Task Management Tools from Google

Alan Miller Crushing Go Lives | Cloudbakers

As an individual who has worked on hundreds of Google Apps deployments, one of the most intriguing milestones to me personally is the “Go Live” date, which the first day end users are 100% on the Google Apps for Work platform. The reason this day is so fascinating to me is not because it marks the near conclusion of the project lifecycle (which it does), or because there are numerous tasks and subtasks that come to a head at the same time (which there are), but because I am able to interact with end users directly and watch their everyday workflows adapt to a modern solution.

That being said, there is typically one overarching concept that tends to dominate these one-on-one interactions, which is “how do I best manage my tasks?”

A plethora of idiosyncratic strategies

I’ve seen users coming from legacy platforms who leverage the sent mail folder to keep track of tasks, users who employ some 3rd party solution such as Trello or Notepad to manage tasks, users who create calendar events for a task list to reference, and even users who bookmark specific web links on a temporary basis throughout the day to keep things straight. The list goes on and on. What makes this so interesting to me is how creative (without even realizing it) the vast majority of people are when finding ways to remain organized with day-to-day activities.

Think of it this way: generally there are guidelines or even strict rules that dictate how you should do your job. Whether it’s entering sales leads in a CRM, managing resources with an ERP, completing specific financial applications on behalf of customers, or generally accepted workbook formulas for pulling metrics, each job function has a stated workflow. Except, of course, task management. During the workday you may use a CRM, manage an ERP, and pull metrics using certain, documented formulas, but I seldom come across a company that dictates how these tasks are organized or managed (the glaring objections being an employee who lives out of a ticketing system or someone assigned all tasks from a project manager). This leaves each employee to discover a task management method on their own. Enter a universal option for all, Google Tasks.

Task management, Google style

Google Tasks is integrated tightly with both Gmail and Google Calendar. Users can choose to create tasks organically, or take advantage of some extended functionality. Tasks can be divided into multiple lists, shuffled up and down, sorted by a few different options, marked as complete, and even printed. If a task is assigned a date, it will also display on your “Tasks Calendar.”

Let’s look at a couple of examples:

1) Marty is looking for an easy way to list tasks as they come up and cross them off as each task is completed. Marty is using the Gmail interface. 

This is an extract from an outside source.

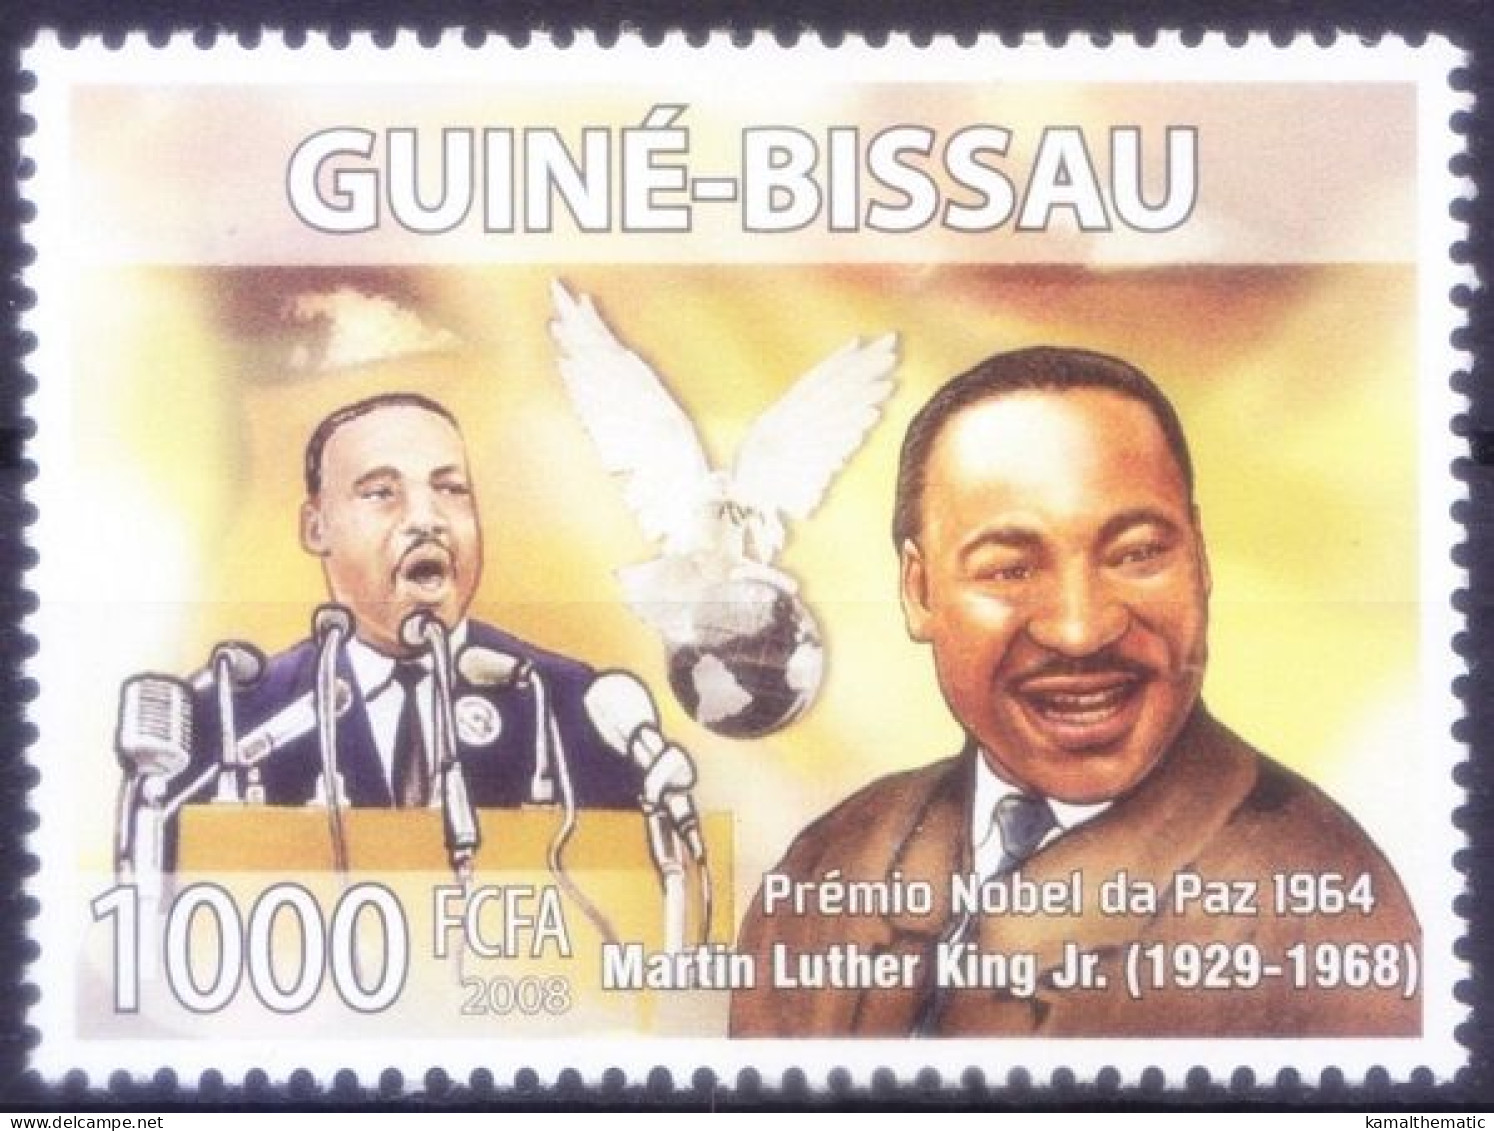 Martin Luther King Nobel Peace Winner, Guinea Bissau 2008 MNH - Martin Luther King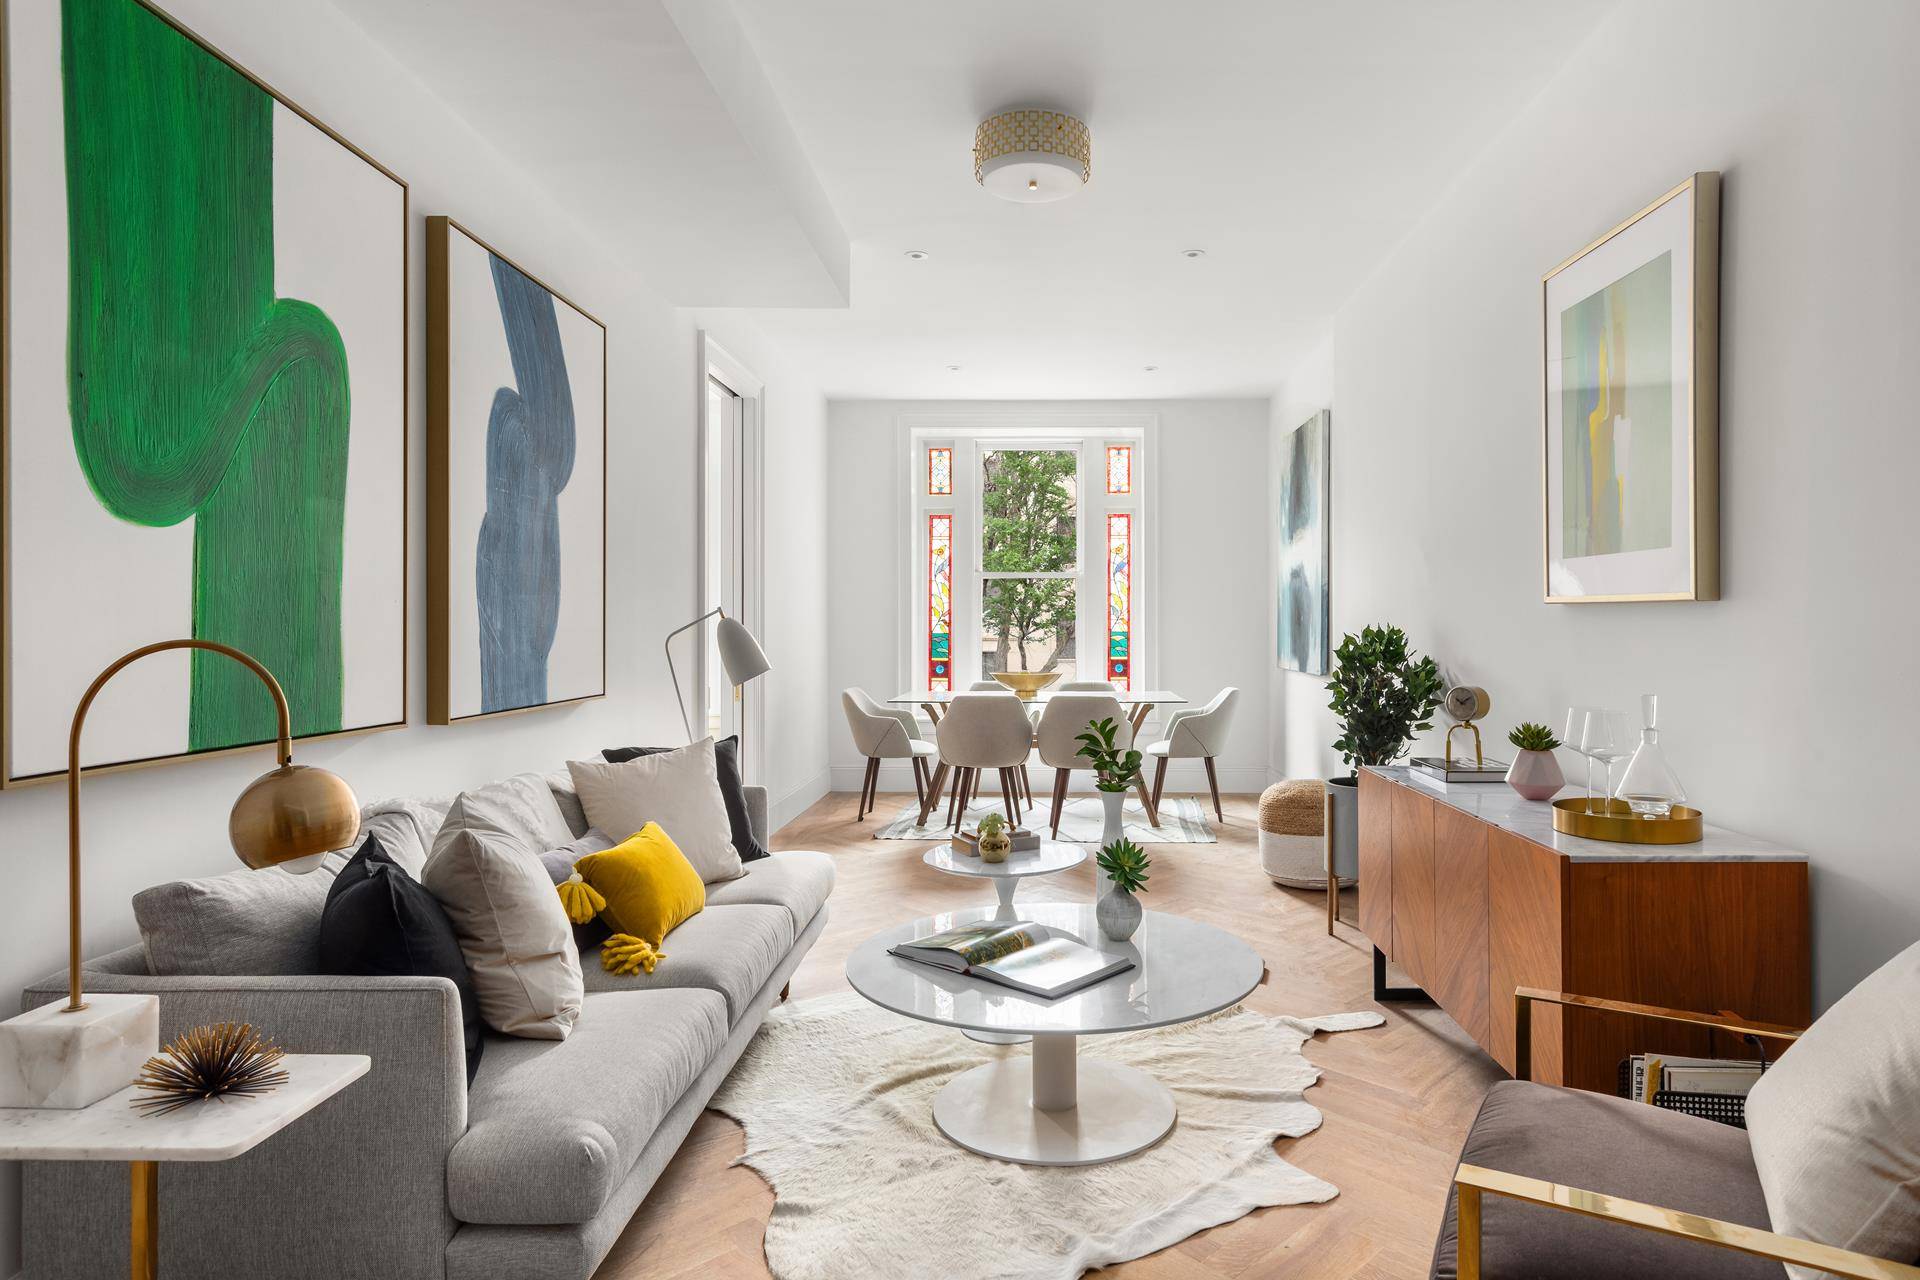 Welcome home to the Twine on Park, an exemplary new boutique condominium on one of brownstone Brooklyn's most beautiful and conveniently located blocks.

Google Tasks from Gmail Interface | Cloudbakers

  • In the top left corner of Gmail, Marty sees the word “Mail” with a drop down arrow. Marty can simply click the arrow and select “Tasks”. Immediately, a small window launches with Marty’s task list

  • Marty clicks the “+” sign to create a new task and simply checks the box next to each task to mark as complete. Marty can use the various sorting options to organize his list, fitting into his well organized Gmail account

2) In this example, Marty not only wants to create a task, but also assign a date to that task, so it reflects on his calendar.

  • Marty creates a task and follows the arrow to the right of the task in order to edit the details

    Edit Details of a Google Task | Cloudbakers

  • Marty selects a due date for the task. The edits are automatically saved

Adding Notes to Tasks in Google | Cloudbakers

  • Notice from this screen, Marty can also add notes to the description 

  • When Marty selects his task calendar from the calendar interface, he can see the task under the date selected, depicted as an “All Day Event”

3) In this example, Marty creates a task directly from an email.

Google Tasks from an Email | Cloudbakers

  • As Marty opens an email from the web interface, he thinks to himself, “I’d really like to remind myself to complete this tomorrow and add it to my task list”

  • With the email open, Marty selects the “More” action button and chooses the option “Add to Tasks”

  • Google systematically pulls the subject line of the email and adds it as the title of the task, while also using a hyperlink to connect the related email

  • Marty is able to edit the task details, simply adding a due date and any additional notes

4) In this example, Marty adds a task from a webpage

  • Later that afternoon, Marty is navigating through a web page and decides he would like to add content from that webpage as a task

Google Tasks Chrome Extension | Cloudbakers

  • Marty navigates to the chrome web store, and enables the Google Tasks by Google extension (in addition to the many useful extensions he's already enabled)

Google Tasks in the Omni Bar | Cloudbakers

  • Marty refreshes his browser and now sees a symbol for the task extension in his omni-bar

  • Marty can now easily add tasks while navigating through various web pages

Google Tasks is an easy, unified solution to managing your day-to-day activities and projects. It is integrated and intuitive, and already available to Gmail users. Start using it today!


New Call-to-action

Originally published on February 08, 2016

If you enjoyed this post, please consider sharing

Want more tech tips?
Subscribe to our IT Superhero Newsletter!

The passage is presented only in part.